10.2 BIOTECHNOLOGICAL APPLICATIONS IN MEDICINE

1.     The recombinant DNA technological processes have made immense impact in the area of healthcare by enabling mass production of safe and more effective therapeutic drugs (medicines).

2.     Further, the recombinant therapeutics do not induce unwanted immunological responses as is common in case of similar products isolated from non-human sources. The medicines formed from non human resources could cause allergic reactions in the human body.

3.     At present, about 30 recombinant therapeutics have been approved for human-use the world over.

4.     In India, 12 of these are presently being marketed.

10.2.1 Genetically Engineered Insulin

1.     Management of adult-onset diabetes is possible by taking insulin at regular time intervals.

2.     What would a diabetic patient do if enough human insulin was not available?

3.     If you discuss this, you would soon realise that one would have to isolate and use insulin from other animals.

4.     Would the insulin isolated from other animals be just as effective as that secreted by the human body itself and would it not elicit an immune response in the human body?

5.     Now, imagine if bacterium were available that could make human insulin.

6.     Suddenly the whole process becomes so simple. You can easily grow a large quantity of the bacteria and make as much insulin as you need.

7.     Think about whether insulin can be orally administered to diabetic people or not. Why?

i).     Digestive Enzymes: Insulin is a protein-based hormone that, if taken orally, would encounter the harsh acidic environment of the stomach and be subject to degradation by digestive enzymes. The enzymes in the gastrointestinal tract break down proteins, including insulin, rendering it ineffective before it can reach the bloodstream. ii).   Large Molecule and Poor Absorption: Insulin is a large molecule that cannot easily pass through the intestinal lining into the bloodstream.

 

8.     Insulin used for diabetes was earlier extracted from pancreas of slaughtered cattle and pigs.

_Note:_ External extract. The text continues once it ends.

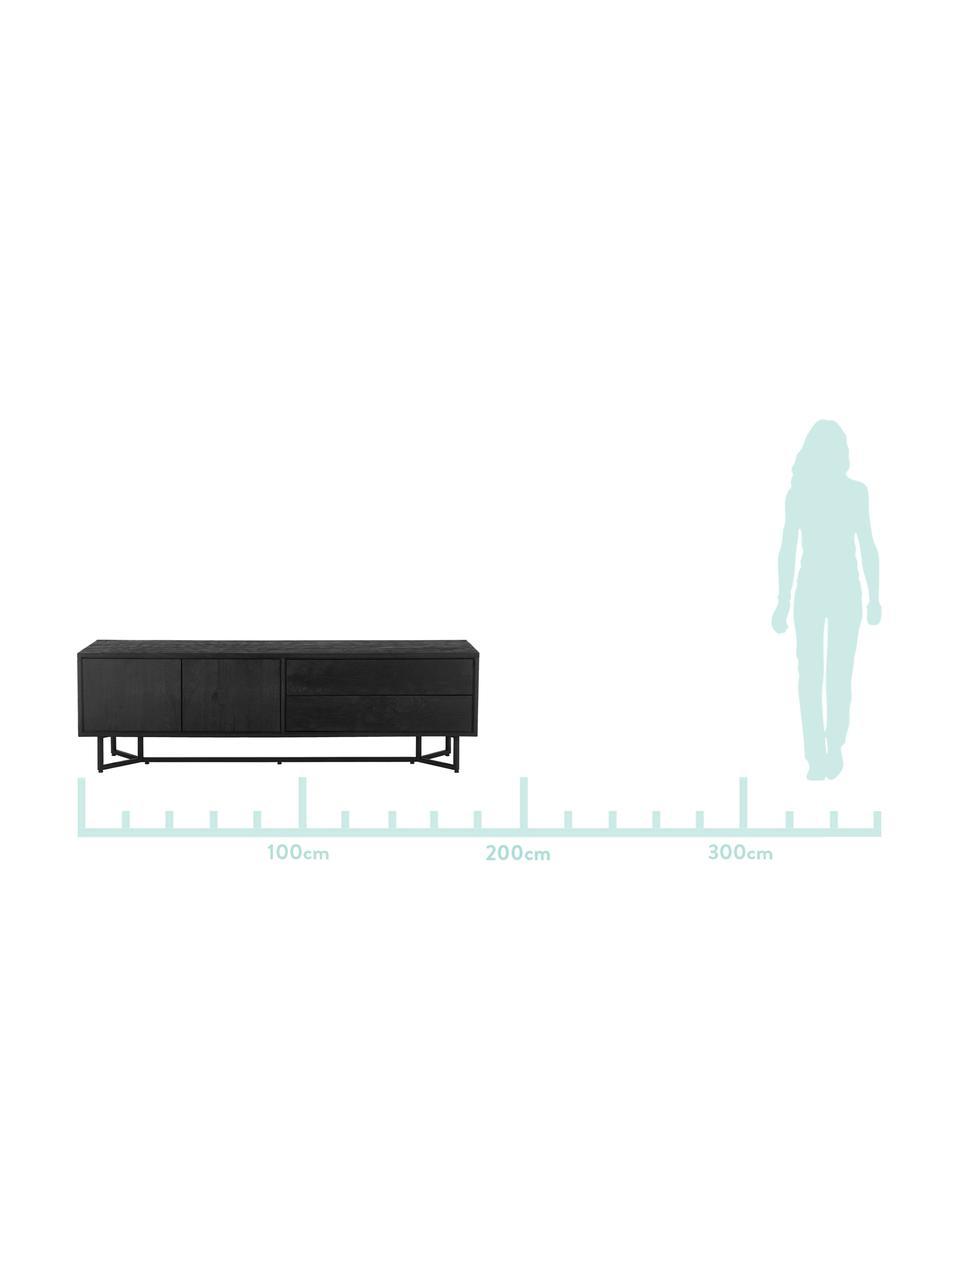 Schwarzes Lowboard Luca aus massivem Mangoholz, Korpus: Massives Mangoholz, gebür, Gestell: Metall, pulverbeschichtet, Korpus: Schwarz, lackiertGestell: Schwarz, matt, 180 x 54 cm

9.     Insulin from an animal source, though caused some patients to develop allergy or other types of reactions to the foreign protein.

 

A.    Insulin and its structure:

i).     It is secreted by Pancreas.

ii).   Pancreas has a specific tissue known as islets of langerhans.

iii). It has three types of cells, Alpha, Gamma and Beta cells.

Cell Type                                 Hormone Secreted                                    Function   Alpha cells                                   Glucagon                                          Raises blood sugar   Beta cells                                      Insulin                                              Lowers blood sugar   Delta cells                                     Somatostatin                                    Inhibits both insulin and glucagon

Gamma/PP cells → secrete pancreatic polypeptide

iv). Here Beta cells will help in producing insulin.           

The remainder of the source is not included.